0

I would like to parallelize following function, where A and B are just some columns from my input data frame. I would like to provide the output dictionary as an input so it is filled within the function (pass by reference)

outdict = {}

inputdict1 = {'id1': 100, 'id2': 200, 'id3': 0}
inputdict2 = {'id1': ['cat'], 'id2': ['dog', 'rabbit'], 'id3': []}
inputdf = pd.DataFrame({'A': ['cat', 'cat', 'dog', 'dog', 'dog', 'cat', 'rabbit', 'rabbit'],
                        'B': ['a', 'b', 'b', 'c', 'c', 'd', 'e', 'f']})

def processing(outdict, inputdict1, inputdict2, inputdf):
    for key, _ in tqdm(inputdict1.items()):
        outdict[key] = inputdf[inputdf.A.isin(inputdict2[key])].B.nunique()
        
processing(outdict, inputdict1, inputdict2, inputdf)

print(outdict)

{'id1': 3, 'id2': 4, 'id3': 0}

After some research I have tried the following approach

from multiprocessing import Pool

def processing(outdict, inputdict1, inputdict2, inputdf):
    for key, value in tqdm(inputdict1.items()):
        outdict[key] = inputdf[inputdf.A.isin(inputdict2[key])].B.nunique()

outdict = {}

pool = Pool()
pool.starmap(processing, zip(outdict, inputdict1, inputdict2, inputdf))

print(outdict)

{}

Alex
  • 340
  • 2
  • 13
  • I'm not expert in the subject, but I don't think it is possible for two different _processes_ to share a reference to the same dictionary.
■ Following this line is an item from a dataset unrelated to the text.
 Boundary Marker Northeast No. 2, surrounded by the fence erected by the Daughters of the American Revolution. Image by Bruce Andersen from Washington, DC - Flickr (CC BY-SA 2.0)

Two different threads can do that, but not two different processes. – Solomon Slow Dec 06 '22 at 15:30
  • P.S., Technically speaking, "pass \_by\_ reference" means something other than passing \_a\_ reference in to a function call. https://stackoverflow.com/a/53088820/801894 – Solomon Slow Dec 06 '22 at 15:32

0 Answers0